Enrollment (Estimated)

90

Phase

  • Phase 2

Contacts and Locations

This section provides the contact details for those conducting the study, and information on where this study is being conducted.

Study Contact

Study Contact Backup

Study Locations

  • China
    • Guangdong
      • Guanzhou, Guangdong, China, 51260
        • Recruiting
        • The second Affiliated Hospital of Guangzhou Medical University
        • Contact:

Participation Criteria

Researchers look for people who fit a certain description, called eligibility criteria. Some examples of these criteria are a person's general health condition or prior treatments.

Eligibility Criteria

Ages Eligible for Study

  • Adult
  • Older Adult

Accepts Healthy Volunteers

No

Description

Inclusion Criteria:

  1. Histologically or cytologically confirmed previously untreated hepatocellular carcinoma (HCC). If a diagnostic biopsy is available, a pre-treatment biopsy is not required. Patients with a suspected HCC are eligible, but pathology must be confirmed prior to initiating treatment on study.
  2. The patient must be a suitable candidate for surgery, in the opinion of the treating physician.
  3. Signed and dated written informed consent must be provided by the patient prior to admission to the study in accordance with International Conference on Harmonization-Good Clinical Practice (ICH-GCP) guidelines and to the local legislation.
  4. Eastern Cooperative Oncology Group (ECOG) performance status score 0-1
  5. Absolute neutrophil count (ANC) >= 1.5 x 10^9/L; Hemoglobin >= 8.0 g/dL; Platelets >= 100 x 10^9/L; Total bilirubin =< 1.5 x upper limit of normal (ULN) (except subjects with Gilbert syndrome who can have total bilirubin < 3.0 mg/dL); Creatinine =< 1.5 x ULN or calculated creatinine clearance >= 50 mL/min using Cockcroft-Gault formula for creatinine clearance calculation OR 24-hour urine creatinine clearance >= 50 mL/min.
  6. Birth control.
  7. Willing and able to comply with scheduled visits, treatment plan and laboratory tests.

Exclusion Criteria:

  1. Patients participated in clinical trials of equipment or drugs (signed informed consent) within 4 weeks;
  2. Patients accompany by ascites, hepatic encephalopathy and esophageal and gastric varices bleeding;
  3. Any serious accompanying disease, which is expected to have an unknown, impact on the prognosis, include heart disease, inadequately controlled diabetes and psychiatric disorders;
  4. Patients accompanied with other tumors or past medical history of malignancy;
  5. Pregnant or lactating patients, all patients participating in this trial must adopt appropriate birth control measures during treatment;

  6. Patients have poor compliance. A.Impaired clotting test (platelet count < 60000/mm3, prothrombin activity < 50%).

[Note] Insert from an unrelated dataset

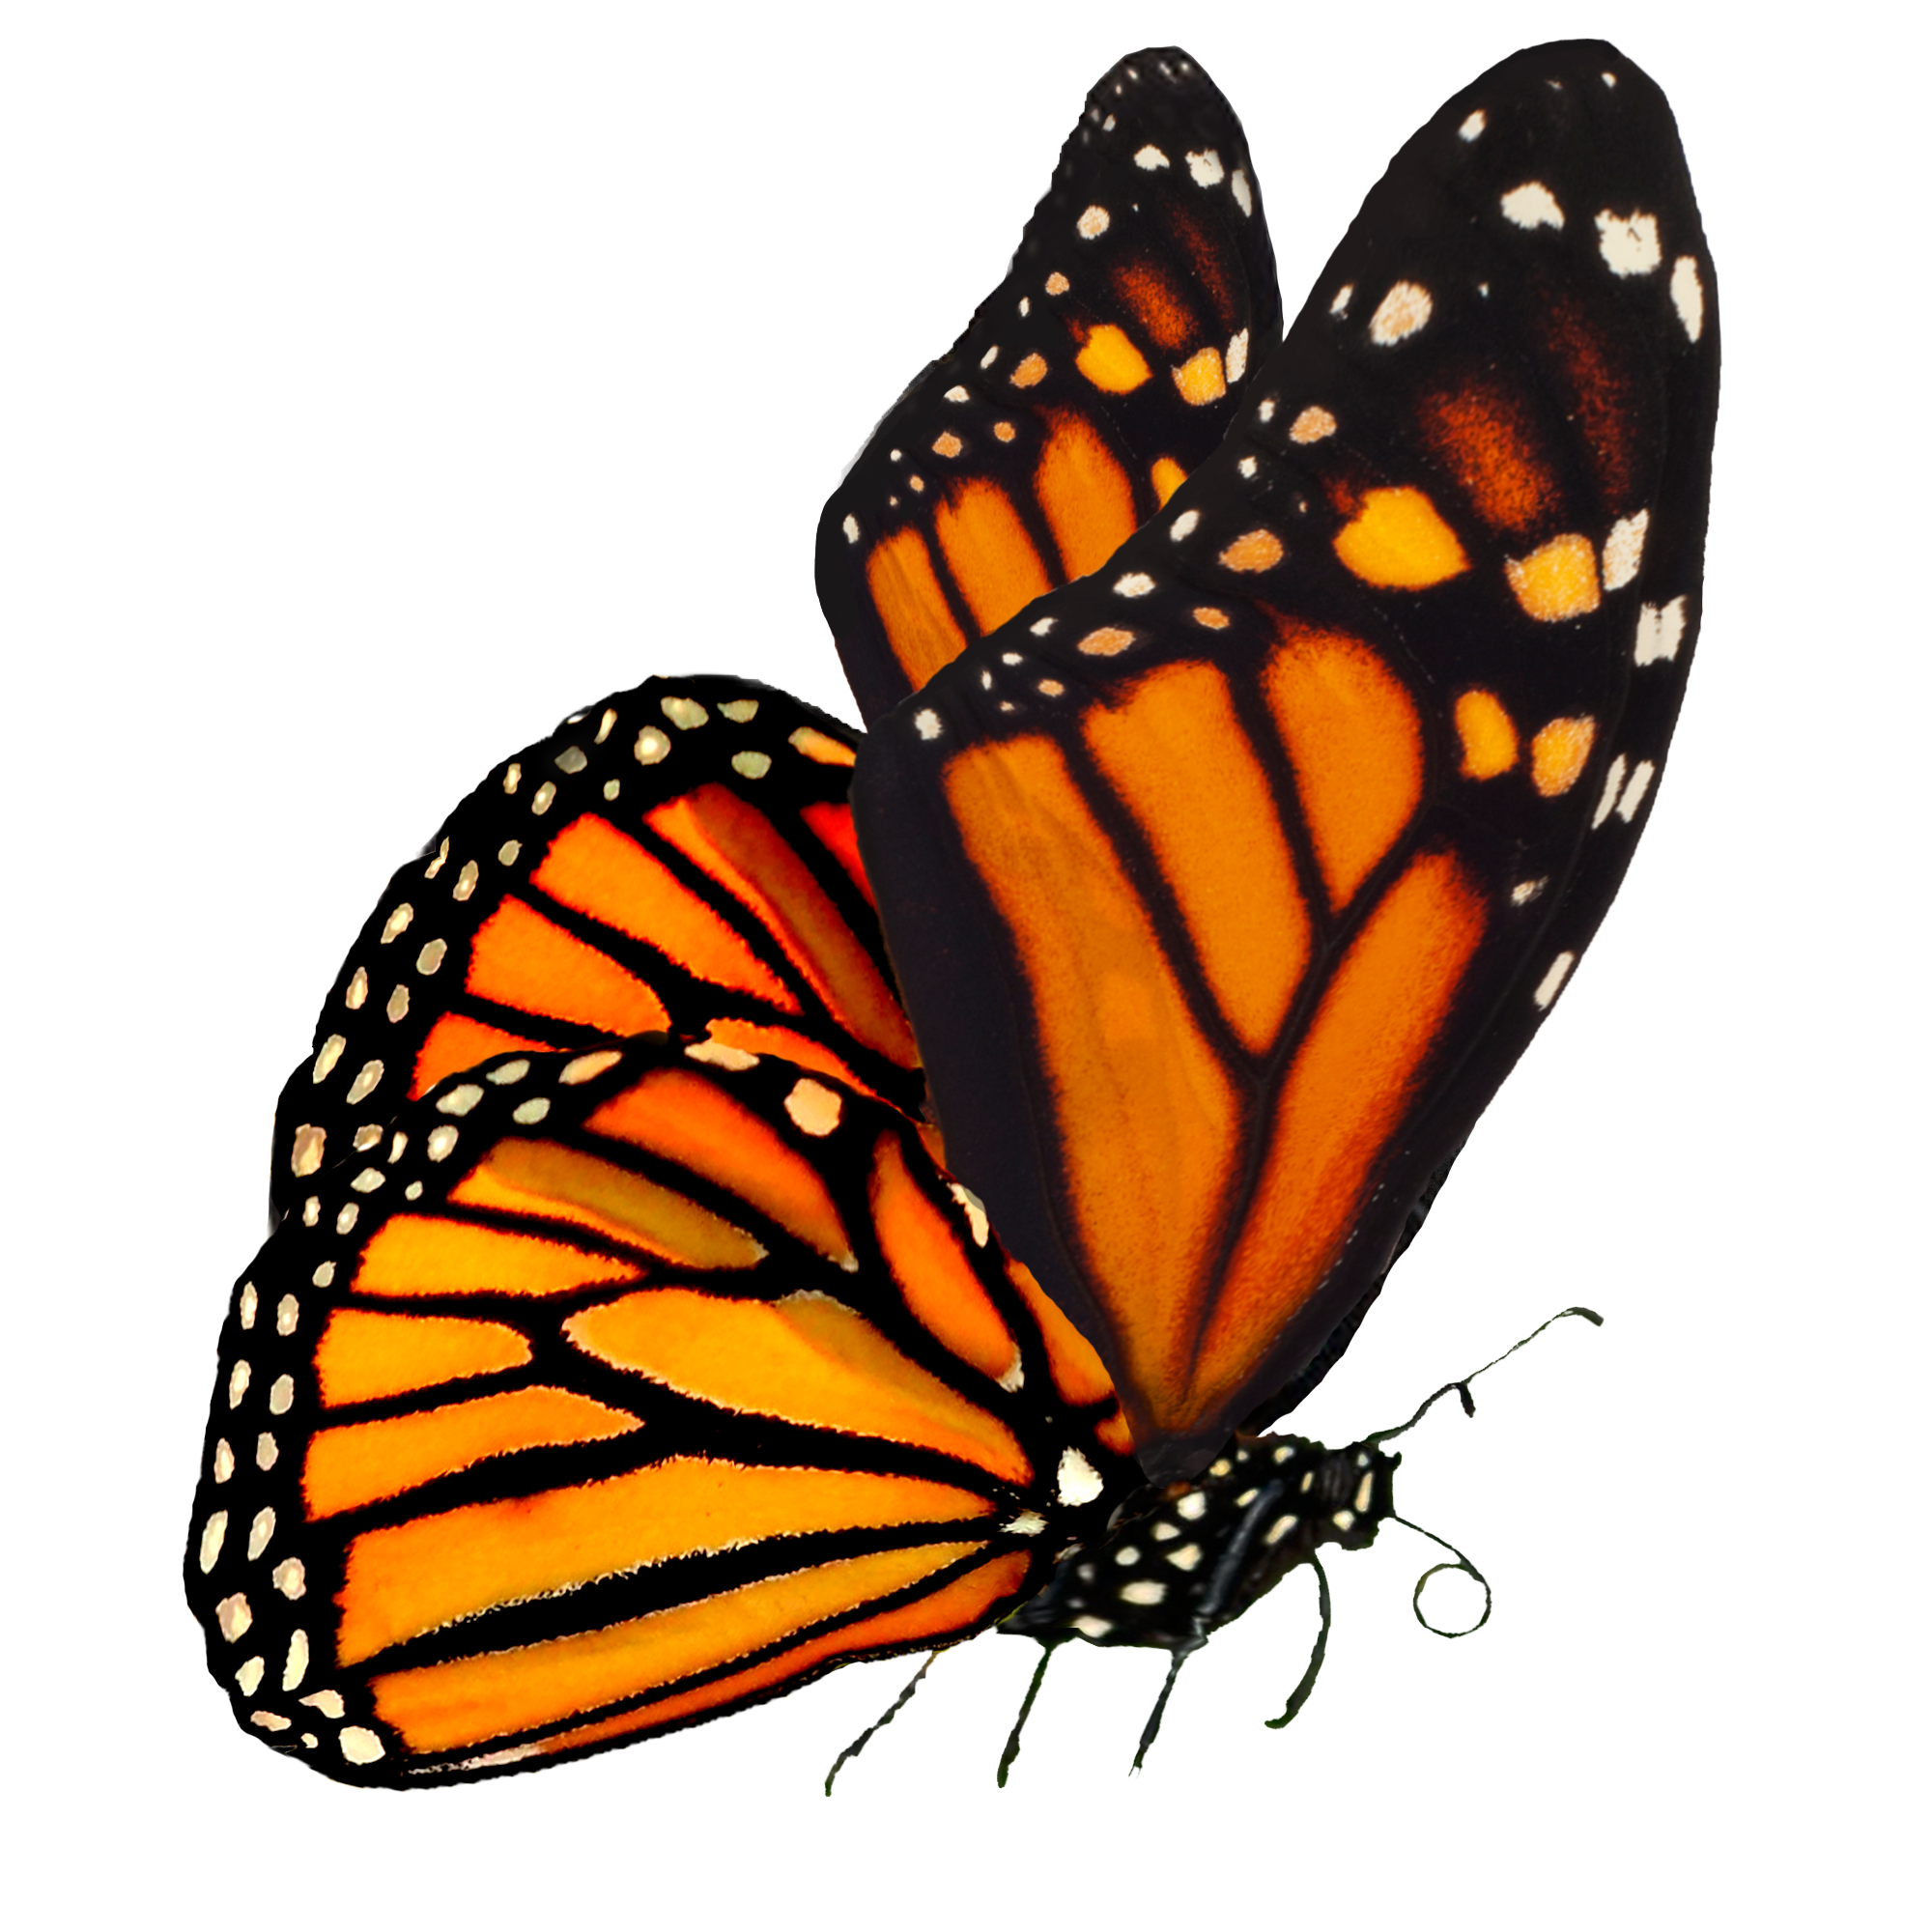 Бабочка Монарх. Данаида Монарх бабочка рисунок. Бабочки на просроченном фоне. Бабочки на белом фоне.

    B.Renal failure / insufficiency requiring hemo-or peritoneal dialysis. C.Known severe atheromatosis. D.Known uncontrolled blood hypertension (> 160/100 mm/Hg).

  7. Allergic to contrast agent;
  8. Any agents which could affect the absorption or pharmacokinetics of the study drugs
  9. Other conditions that investigator decides not suitable for the trial.

Study Plan

This section provides details of the study plan, including how the study is designed and what the study is measuring.

How is the study designed?

Design Details

  • Primary Purpose: Treatment
  • Allocation: Randomized
  • Interventional Model: Parallel Assignment
  • Masking: None (Open Label)

Arms and Interventions

Participant Group / Arm
Intervention / Treatment
Experimental: Group 1: IT injection of double ICIs
Neoadjuvant therapy: intra-tumor injection of double ICIs only.
Drug: ipilimumab, pembrolizumab, durvalumab, idarubicin, bevacizumab

This study has 3 subgroups:

Arm 1. Ipilimumab +pembrolizumab or Ipilimumab +durvalumab is administrated with a total dose of 1-2mg/kg via intra-tumor fine needle injection in 10 min, every 3 weeks, total 3-4 times.

Arm 2. Ipilimumab +pembrolizumab or Ipilimumab +durvalumab combined with idarubicin is administrated via intra-tumor fine needle injection in 15 min, every 3 weeks, total 3-4 times.

Arm 3. Ipilimumab +pembrolizumab or Ipilimumab +durvalumab combined with idarubicin plus bevacizumab is administrated via intra-tumor fine needle injection in 20 min, every 3 weeks, total 3-4 times.

Other Names:
  • Other ICIs
Experimental: Group 2: IT injection of double ICIs and chemodrug
Neoadjuvant therapy: intra-tumor injection of double ICIs and chemodrug.
Drug: ipilimumab, pembrolizumab, durvalumab, idarubicin, bevacizumab

This study has 3 subgroups:

Arm 1. Ipilimumab +pembrolizumab or Ipilimumab +durvalumab is administrated with a total dose of 1-2mg/kg via intra-tumor fine needle injection in 10 min, every 3 weeks, total 3-4 times.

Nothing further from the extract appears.